By Hannah Mackenzie
RUTHERFORD COUNTY, North Carolina (WLOS) — Nine different ministries gathered at the Behind Crying Eyes Fall Event at Pavilion on Park Square (POPS) in Forest City on Saturday, Sept. 25.
Kristy O’Dell, founder of Behind Crying Eyes, said the purpose was to provide a place of support for family members of those struggling with addiction.
“They’re broken; they’re overwhelmed and they’re carrying these burdens that they don’t know what to do with,” O’Dell said.
O’Dell said she knows firsthand the stronghold drugs can have on a family member. She started the faith-based organization four years ago after experiencing her sister-in-law struggle with substance abuse.
“I had a lot of hate in my heart for [my sister-in-law] because of what she did to my brother and what she did to their children,” O’Dell said.
According to O’Dell it took time to sort through her feelings. When she did, she realized she wanted to do something to help. She founded Behind Crying Eyes, and her church, Haynes Memorial Baptist Church, backed her efforts.

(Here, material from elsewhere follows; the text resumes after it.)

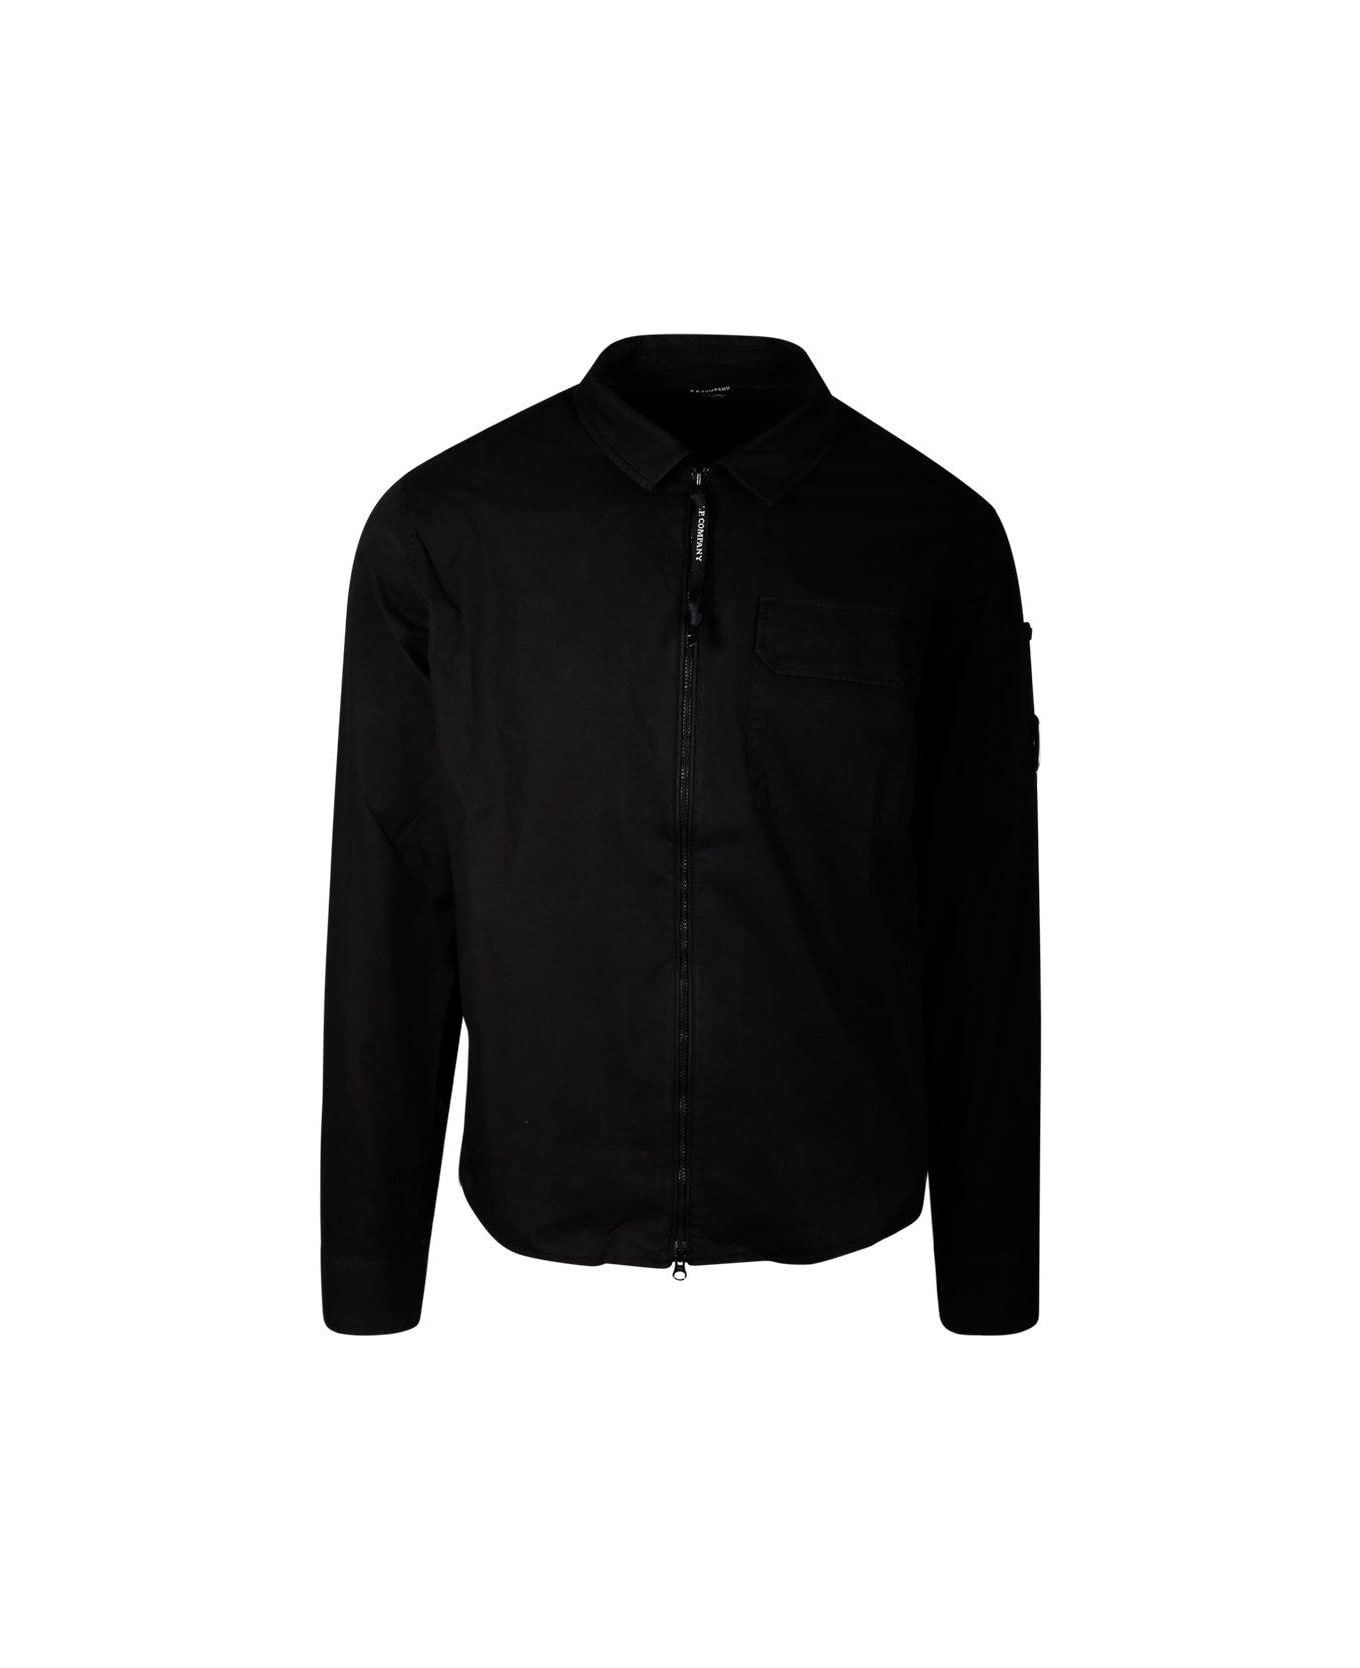 C.P. Company Zip Up Collared Shirt - BLACK

“Heroin and methamphetamine addiction — that’s what has overtaken our county,” O’Dell said. “You can put somebody in jail for doing something, but when they come home and they have nowhere to go but back to that same place, it’s just going to be a revolving door.”
O’Dell said this is her way of trying to break the cycle. Behind Crying Eyes provides resources for counseling, help with housing, laundry services and more.
Wendy Carroll is a member of Behind Crying Eyes.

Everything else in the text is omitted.